A empresa já vem utilizando há algum tempo suas capacidades de IA para gerar código novo internamente, conforme antecipado em outubro de 2024, quando indicou que mais de um quarto de todo o código novo no Google era gerado na época com IA.
Agora, no âmbito de seu evento anual Google Cloud Next'26, realizado nesta quarta-feira, o CEO da gigante tecnológica, Sundar Pichai, compartilhou como está evoluindo o uso da IA internamente, demonstrando como a empresa continua apostando nessa tecnologia para seus próprios projetos.
Assim, ele destacou que atualmente 75% de todo o código novo no Google é gerado por IA e, posteriormente, aprovado por engenheiros.
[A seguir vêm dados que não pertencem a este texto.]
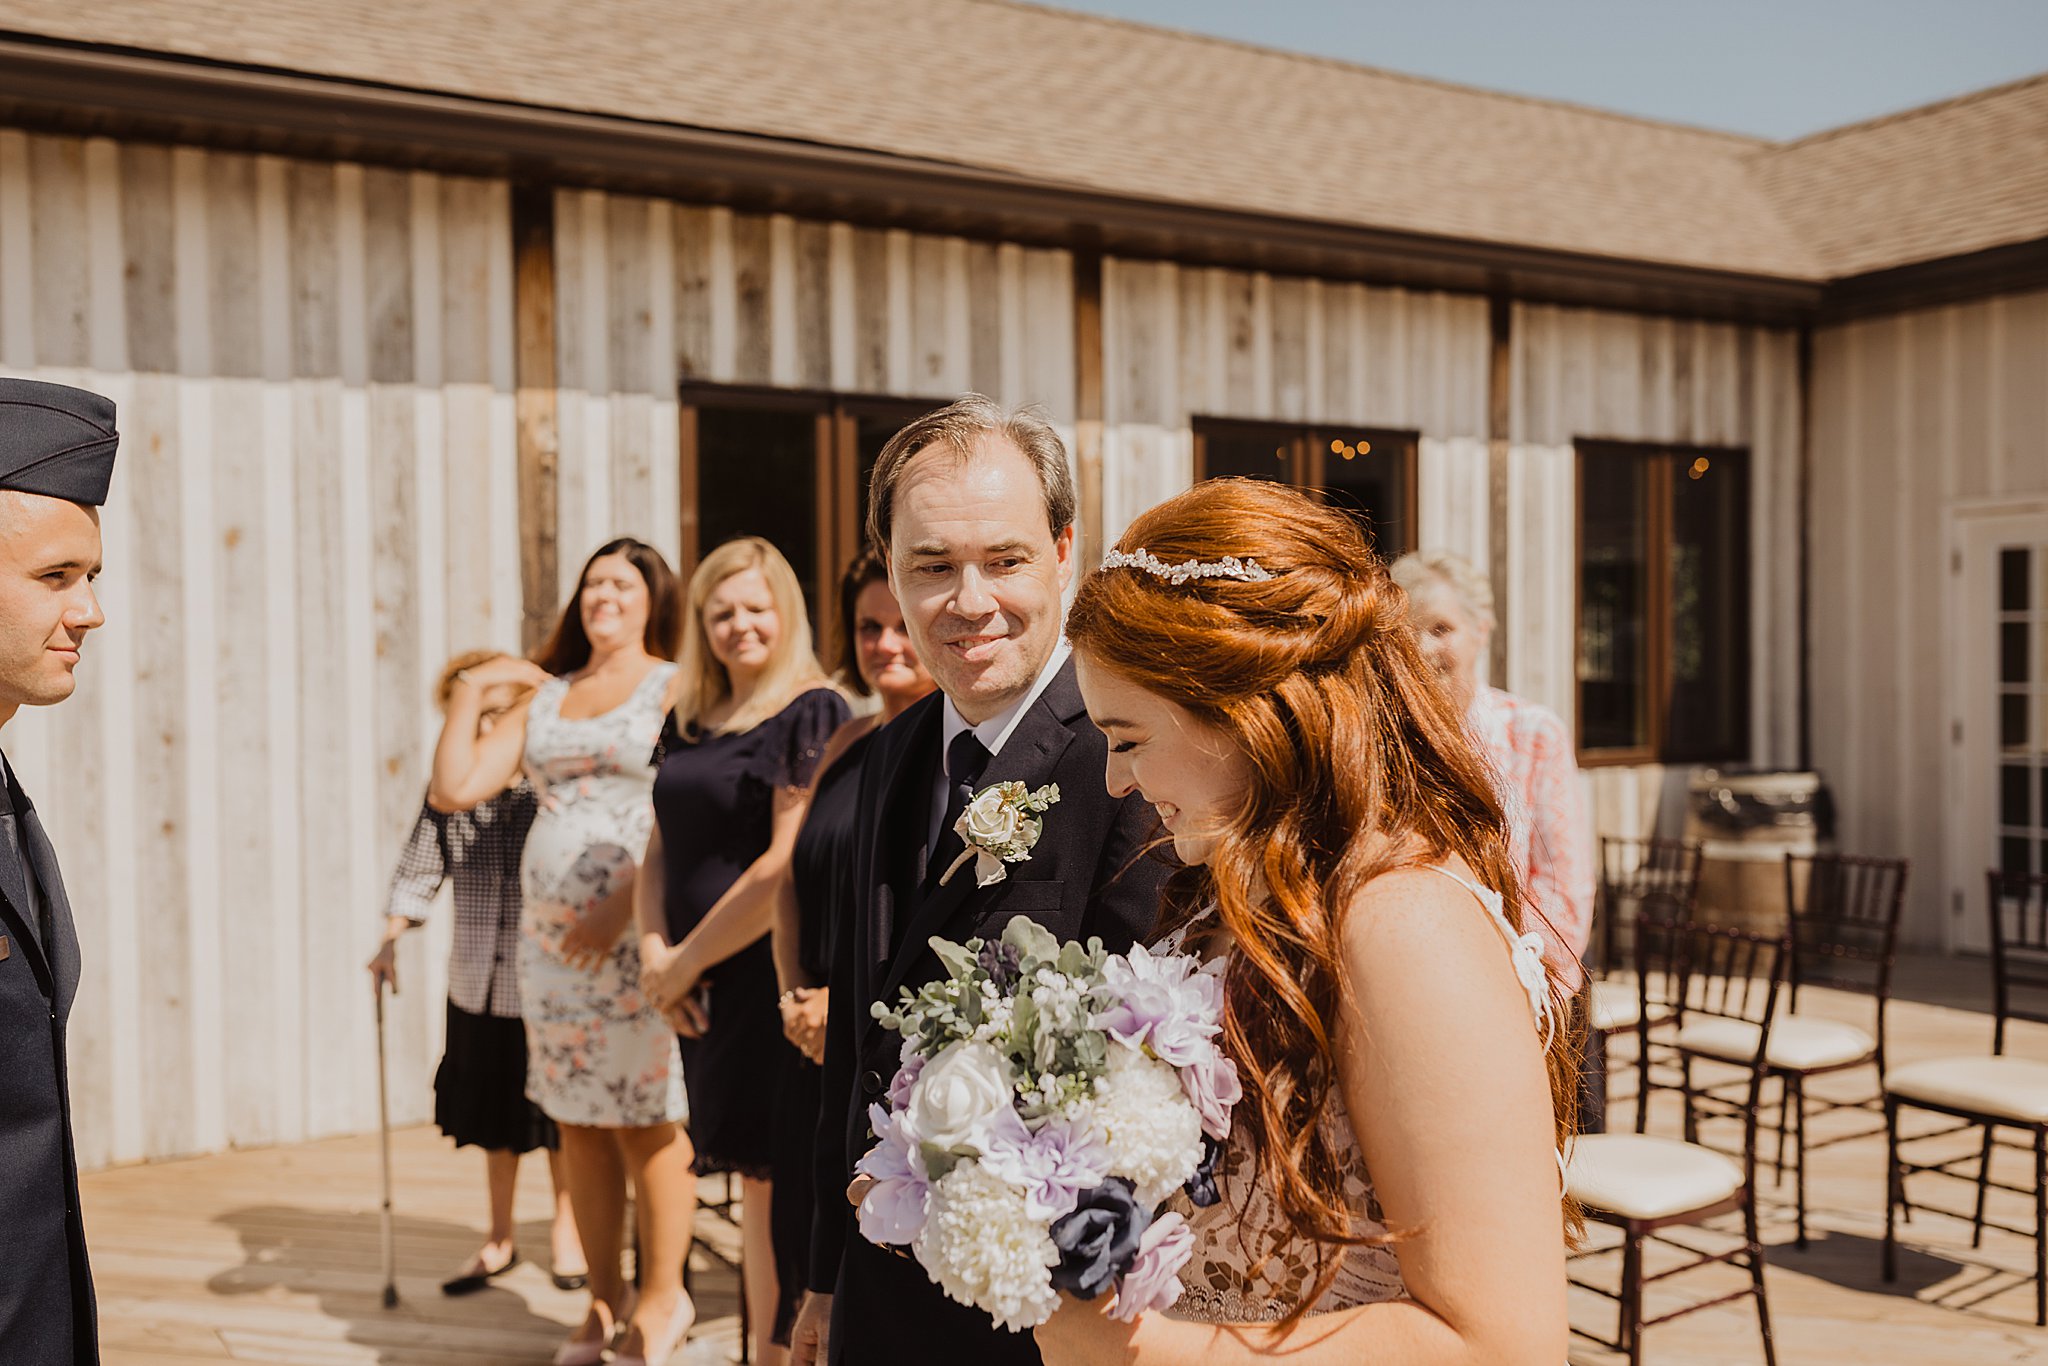 Chaumette Winery Wedding Ceremony | Bride walking down the aisle

Isso representa um aumento de 25%, em comparação com os 50% de código novo gerado por IA no outono passado, conforme esclareceu em um comunicado em seu blog.
“Sempre buscamos ser os primeiros usuários de nossas próprias tecnologias”, afirmou Pichai, ao mesmo tempo em que explicou que isso lhes permite “imaginar, testar, desenvolver e escalar as melhores tecnologias do Google” para os clientes na nuvem.
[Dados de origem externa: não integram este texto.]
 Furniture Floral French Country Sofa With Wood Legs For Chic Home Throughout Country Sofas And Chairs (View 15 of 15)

Nesse sentido, ele compartilhou como, além de aumentar o uso da IA para o código interno, também estão adotando fluxos de trabalho “verdadeiramente autônomos”. Para isso, os engenheiros do Google estão coordenando equipes de trabalho digitais “totalmente independentes” e ativando agentes.
Como exemplo desses avanços a nível interno, Pichai destacou que recentemente conseguiram realizar uma migração de código “particularmente complexa”, realizada por agentes e engenheiros que trabalharam em conjunto. Além disso, ele ressaltou que essa migração foi concluída seis vezes mais rápido do que teria sido possível “há um ano, apenas com engenheiros”.
Outro exemplo foi o recente lançamento do aplicativo Gemini no macOS. Nesse caso, a equipe de engenheiros criou a versão inicial com a ajuda da plataforma de desenvolvimento própria baseada em agentes, Antigravity, o que lhes permitiu passar de uma ideia de protótipo para o aplicativo nativo 'Swift' em “poucos dias”.
O mesmo ocorreu com o lançamento do Gemini no Chrome, onde as equipes de marketing do Google utilizaram seus modelos para gerar rapidamente “milhares de variações” de seus recursos criativos, “um processo que, historicamente, teria levado semanas”.
Especificamente, o Google destacou que o uso da IA nesse caso permitiu uma redução de 70% no tempo de resposta e um aumento de 20% nas conversões, o que lhes permitiu “chegar ao mercado de forma mais rápida e eficaz”.
Entre outras novidades, durante o evento Google Cloud Next'26, a empresa de tecnologia também apresentou seus planos para apoiar os projetos de IA de seus clientes, com a nova plataforma Gemini Enterprise Agent, que possibilita a criação, a escalabilidade e a orquestração de agentes, juntamente com novidades em gestão de dados, segurança contra novas ameaças e produtividade na era das empresas agentas. Além disso, apresentou suas TPUs de oitava geração, a TPU 8t e a TPU 8i.